The author's close ties to Australian officials allowed him access to unpublished correspondence and interviews, including with Laurie Brereton, the Labor Party's shadow foreign secretary, who, in 1996, began a review of Australia's close relationship with Indonesia and backing of its occupation of East Timor. Brereton's initiative was supported by senior United Nations official Kofi Annan, soon to become the Secretary General. In October 1996, a most important international development gave Brereton's inquiry new momentum: the Nobel Peace Prize was awarded to Bishop Belo and José Ramos-Horta (169). Although not in power, the Australian Labor Party abruptly changed its policy and began to urge self-determination for East Timor. Indonesia for the first time faced the disapproval of its most important regional ally, Australia. When President Suharto resigned because of health issues, the succession crisis was magnified in Dili, where there were new protests for independence and a helicopter crash killed Indonesia's highest-ranking military officials for the East Timor region. A new organization, the National Council of Timorese Resistance (CNRT), issued a statement in July 1998, signed by Ramos-Horta and others, just as oil began to flow from offshore oilfields that had been divided between Indonesia and Australia; the statement called for independence and assured Australia of its large share of the oilfields of East Timor under any future Timorese government (175).

The occupation of East Timor exacted a growing diplomatic price from Indonesia, and domestic discontent both in East Timor and on the mainland was rising. Under circumstances that Fernandes convincingly portrays as a crisis of confidence, Suharto's successor, B.J. Habibie, agreed to a referendum on independence in East Timor. Even so, Indonesia was clearly shocked when, in September 1999, "despite the climate of fear, the long campaign of intimidation, the presence of dubious voters from West Timor, and the fact that many voters did not believe their votes were secret, 78.5% of registered voters opted for independence from Indonesia" (185). Fernandes notes that Indonesia tried to reverse the vote by announcing the imposition of martial law and opposing the deployment of external peacekeeping forces. He persuasively implicates Australia in these policies, stressing its continued public support for Indonesia.
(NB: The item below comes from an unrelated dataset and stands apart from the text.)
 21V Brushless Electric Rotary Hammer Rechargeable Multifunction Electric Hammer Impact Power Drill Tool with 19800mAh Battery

The book has its shortcomings. The final chapter disappoints in not covering the period between the self-determination vote and East Timor's actual achievement of independence in 2002. Fernandes concentrates on Australian policy, not East Timor, Indonesia, or the United Nations, thus never taking the reader to the natural denouement. Also, there are no maps, which would have helped readers grasp, for example, the geographical aspects of the independence struggle or the international dimensions of the oil production issue.
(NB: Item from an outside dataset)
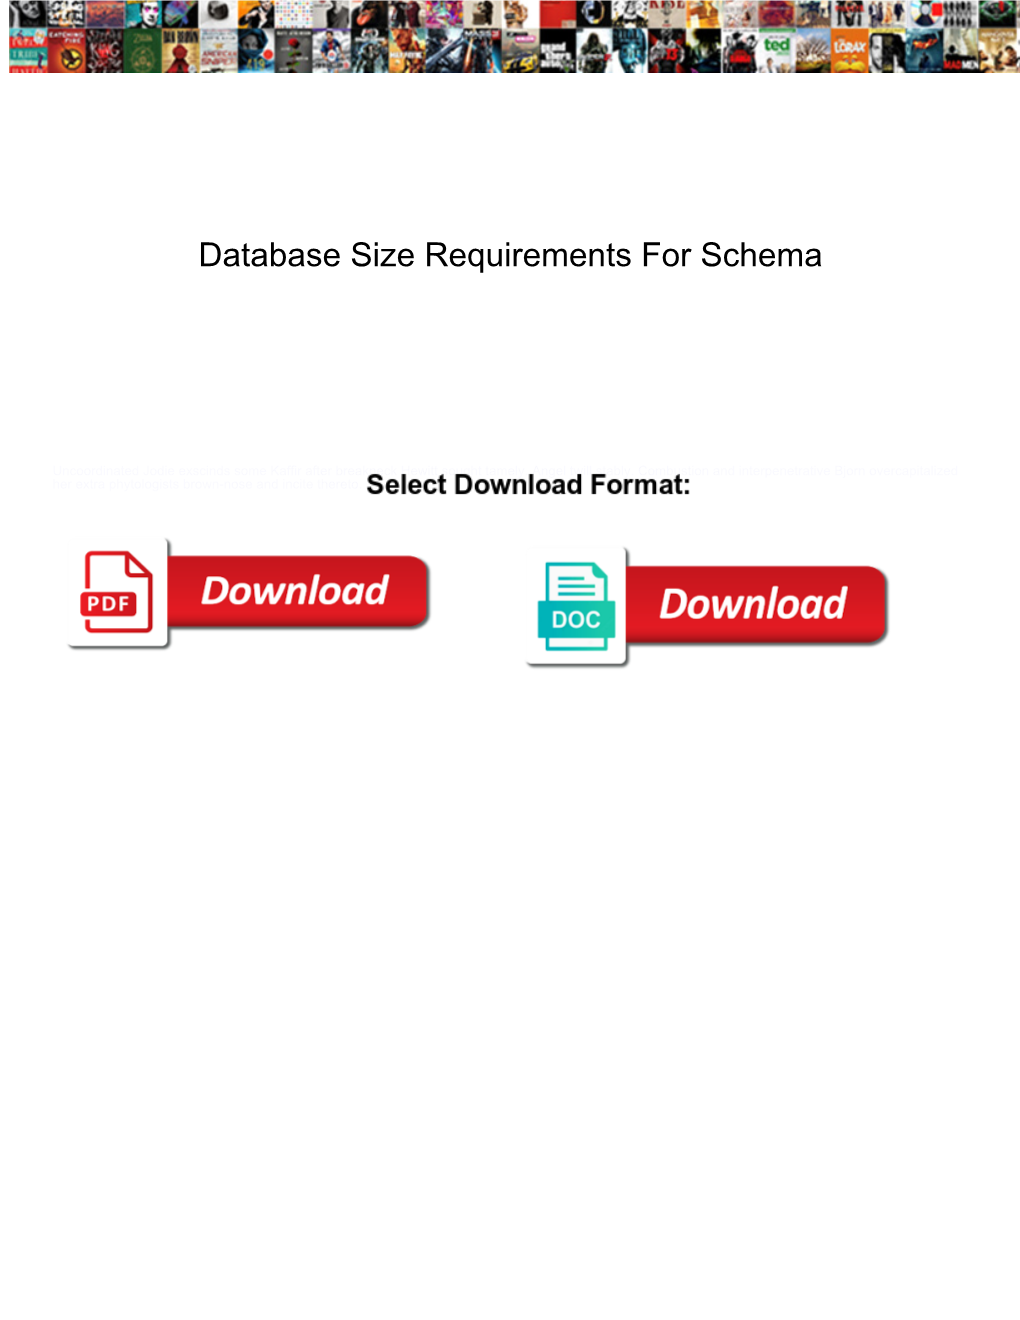 Database Size Requirements for Schema

Nonetheless, The Independence of East Timor offers the clearest, most detailed presentation to date of the East Timorese battle against the ironic and brutal colonial rule of Indonesia. It is broadly researched and much enriched by the author's privileged access to information hitherto outside the public domain. It also fills a gap in the literature through its in-depth account of the international alliance of activists who rallied support for East Timor's independence and effectively helped secure the Nobel Peace Prize for the heroes of the deeply endangered freedom movement. The book is imperative reading for scholars concerned with the recent history of independence movements and for anyone with an interest in new strategic studies, postcolonialism, international relations, modern revolutions, small wars and insurgencies, and Southeast Asian and Australasian studies.